Таким образом, у тех хранителей, которые заступили на вахту взамен выбывших, и в самом деле появляется «презумпция невиновности», или «алиби», или уж «дипломатический иммунитет» — выбирайте любое понятие по вкусу. Потому что, приняв хранилище со всем его содержимым без соответствующего акта приема-передачи, этот хранитель в случае любой проверки чувствует себя в безопасности как будто у него в кармане дипломатический паспорт. И на вопросы любой комиссии посылает следователей на три буквы — то есть в рай, где, без сомнения, нынче обитает душа отошедшего в лучший мир хранителя. Дескать, а не пошли бы вы туда, дорогие товарищи, да у него бы и спросили, а с меня взятки гладки.

ОТЧЕТ СП: «Выборочной проверкой сохранности 50 музейных предметов из 221351 единицы хранения установлено, что 47 предметов в Эрмитаже на момент проверки в наличии не оказалось. Так, по отделу Востока 20 предметов, числящихся за 4 бывшими хранителями, для проверки не были представлены. Отделом античного мира не представлено 3 предмета бывшего хранителя Д.С.Герцигера. По отделу истории западноевропейского искусства не представлены бронзовая скульптура «Меркурий» и мраморный бюст Венеры, числящиеся за бывшим хранителем З.В.Зарецкой, гравюры «Мадонна с младенцем» и «Мадонна в кресле», числящиеся за бывшим хранителем А.С.Гликманом, а также акварельные рисунки «Офицер конных гренадер французской гвардии», «Гренадер инженерной службы французской старой гвардии» и «Вступление русских войск в Париж в 1814 году», числящиеся за бывшим хранителем Ю.И.Кузнецовым».

Что означает процитированный отрывок? А всего-навсего то, что аудиторы раскрыли список экспонатов и наугад ткнули пальцем в 50 предметов, скорее всего, первых попавшихся им на глаза. А в ответ музейные работники только простодушно развели руками — нет в наличии, и куда подевались ума не приложим, вот только 3 предмета раскопали и то лишь из уважения к таким гостям. А остальные 47 экспонатов вы, уважаемые аудиторы, с «бывших хранителей» спрашивайте, вот как случится вам попасть в лучший мир, так сразу же их и спросите.

А поскольку выборка предметов носила случайный характер, то ее результаты можно распространить на всю совокупность экспонатов Эрмитажа. Тогда если из 50 предметов только 3 (то есть всего 6%) оказались на месте, то, спрашивается, сколько же вообще подлинников уцелело в фондах крупнейшего музея страны? Может быть, тоже только 6%?

Все это до боли напоминает ситуацию сегодняшнего дня, когда по поводу последней кражи ГУВД Санкт-Петербурга констатирует: «В настоящее время в связи с тем, что в Эрмитаже десятилетиями не проводилась полная ревизия фондов, а только выборочные проверки, трудно определить период времени, когда пропавшие экспонаты были утрачены. По предварительным данным, этот период может исчисляться 30 годами.
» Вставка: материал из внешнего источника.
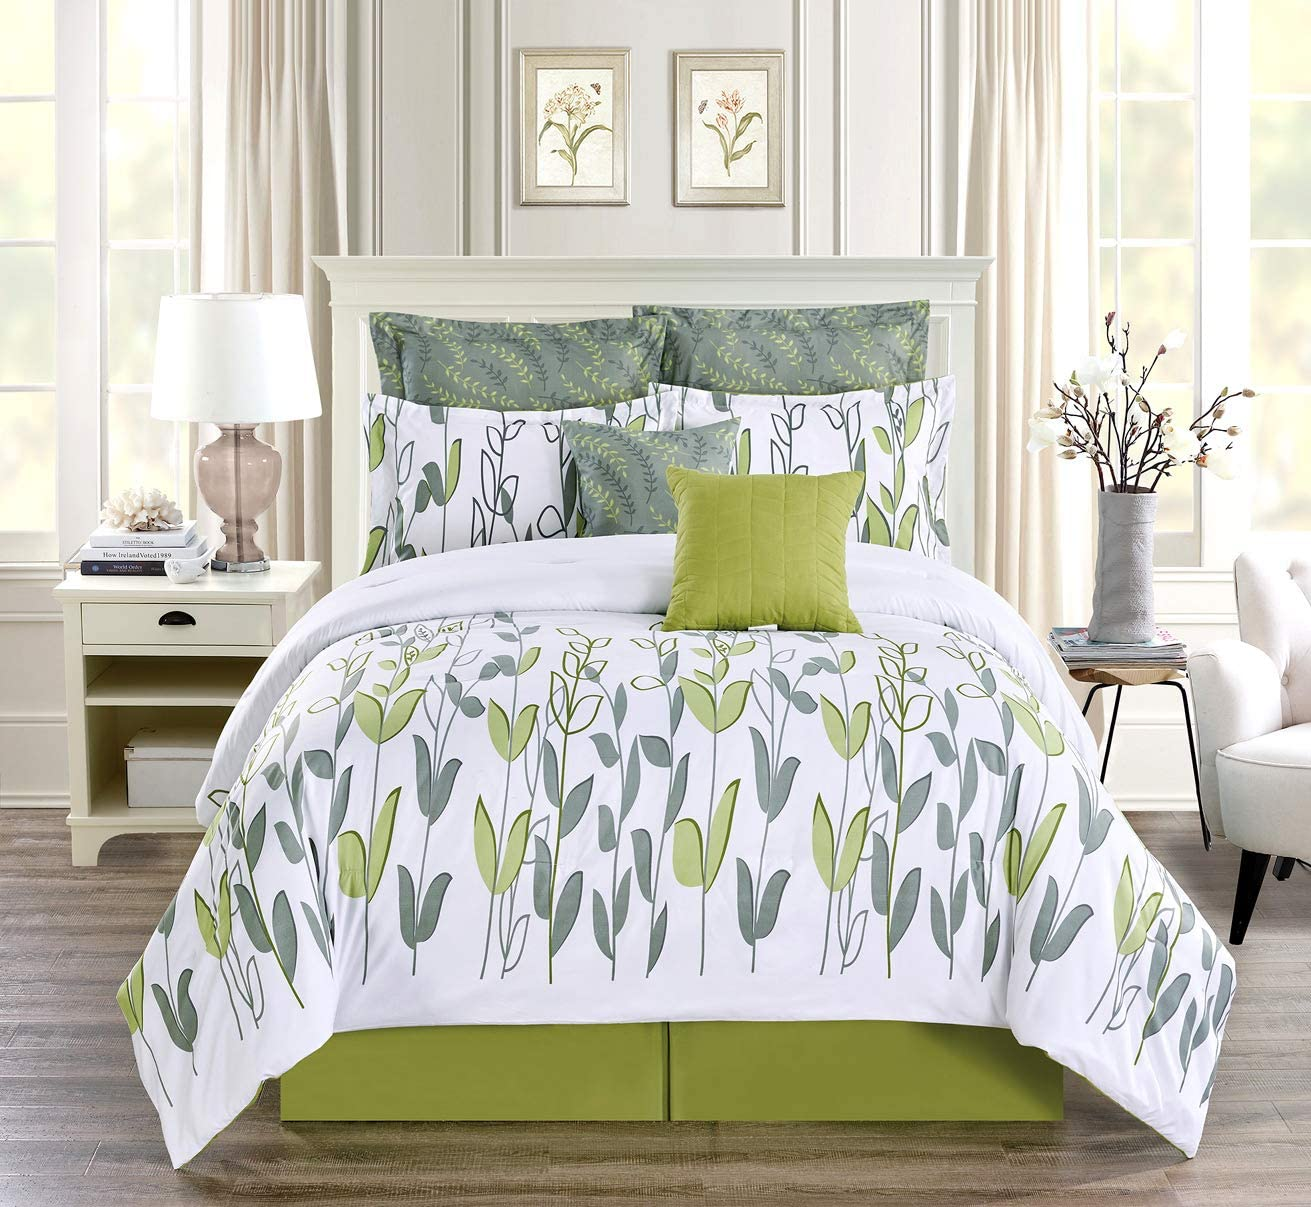 8-Piece Full Size Vine Print Luxury Allen Bedding Sage Green/Grey White Comforter Set Bed in a Bag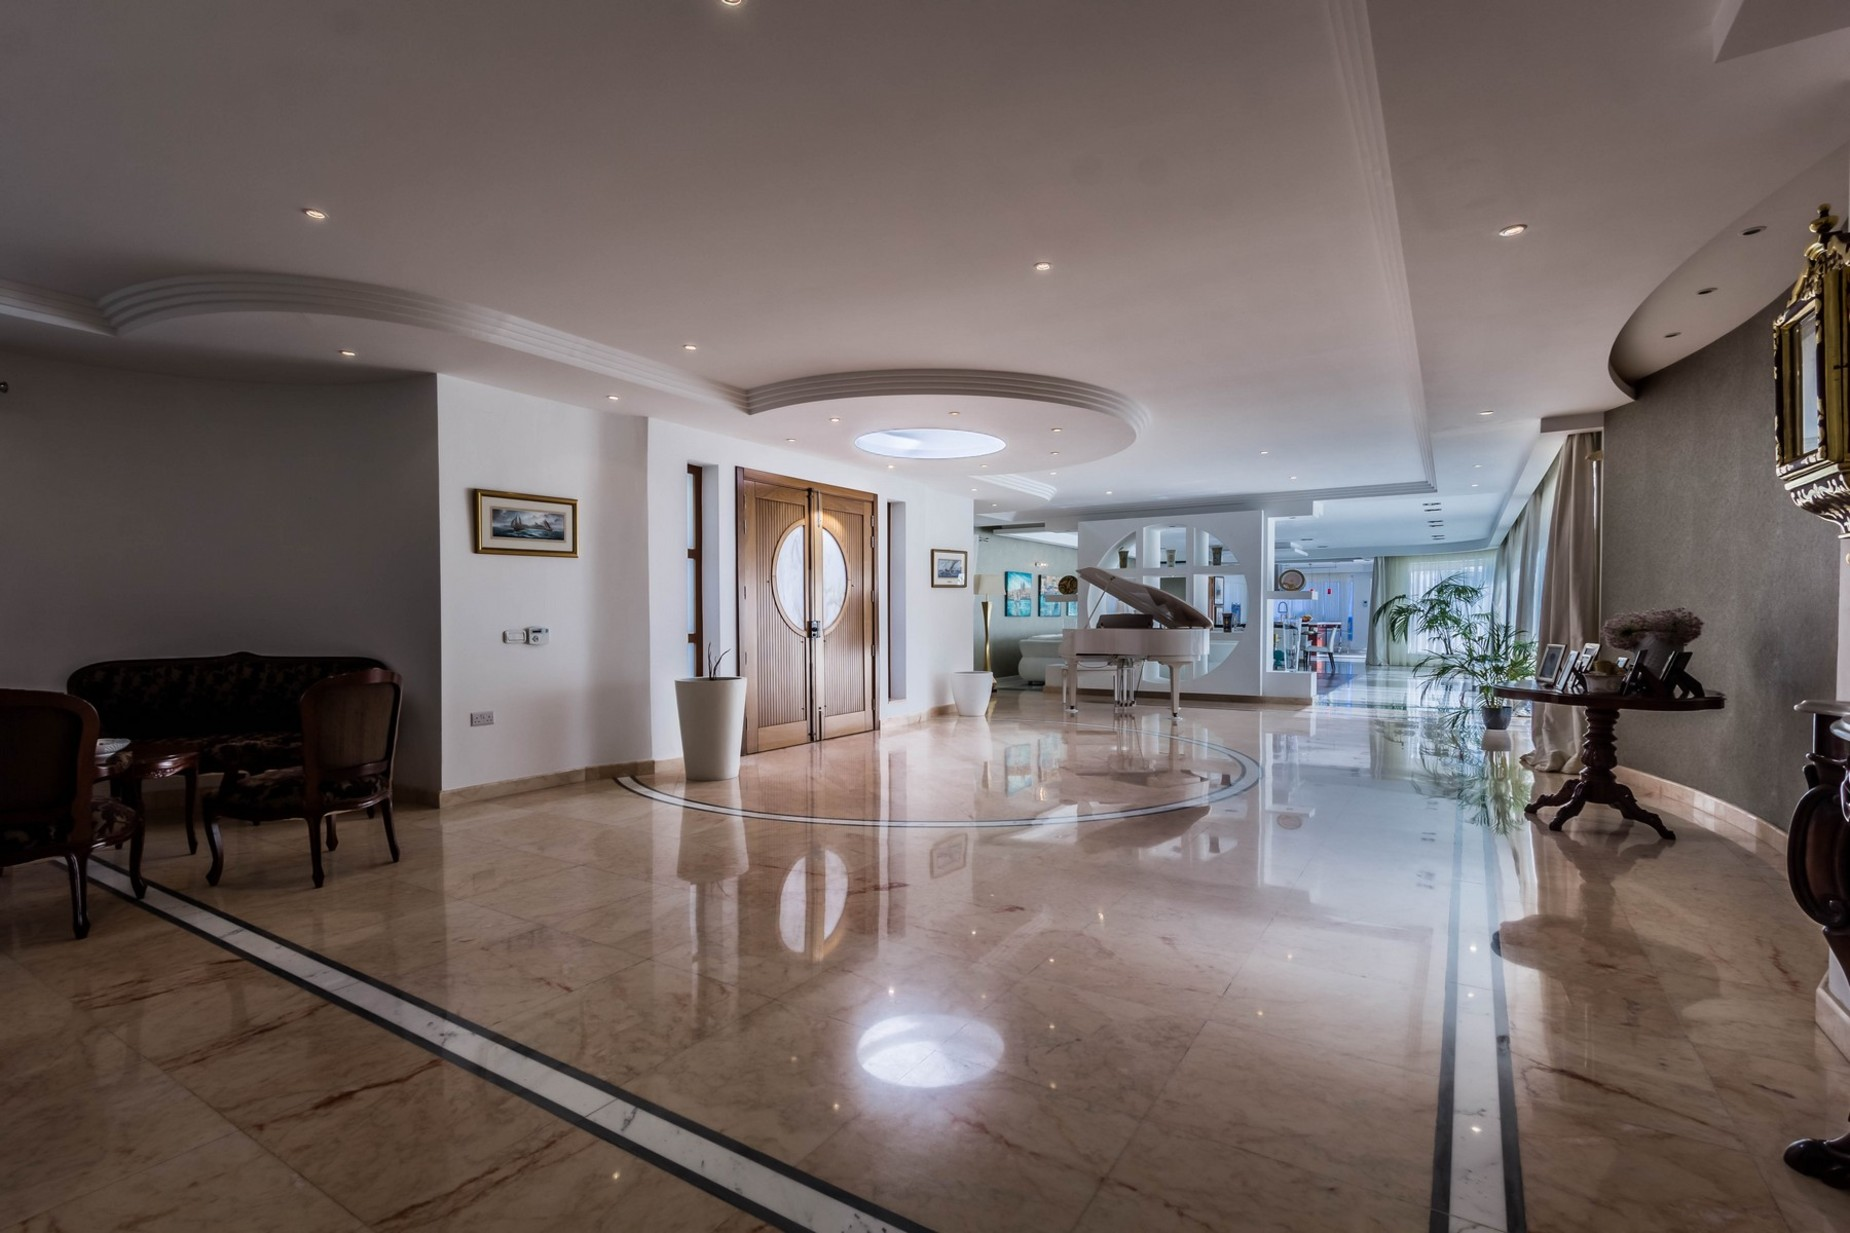 4 bed Villa For Rent in Marsascala, Marsascala - thumb 8

При этом только 19 из 221 пропавшего экспоната числятся на живом хранителе, остальные 202 экспоната числятся за хранителями, которые уже умерли».

Сравниваешь эти два текста, между которыми пролегли 6 лет, и понимаешь, что время не властно над таким храмом культуры как Эрмитаж — годы идут, а там ничего не меняется. Во всяком случае, в лучшую сторону.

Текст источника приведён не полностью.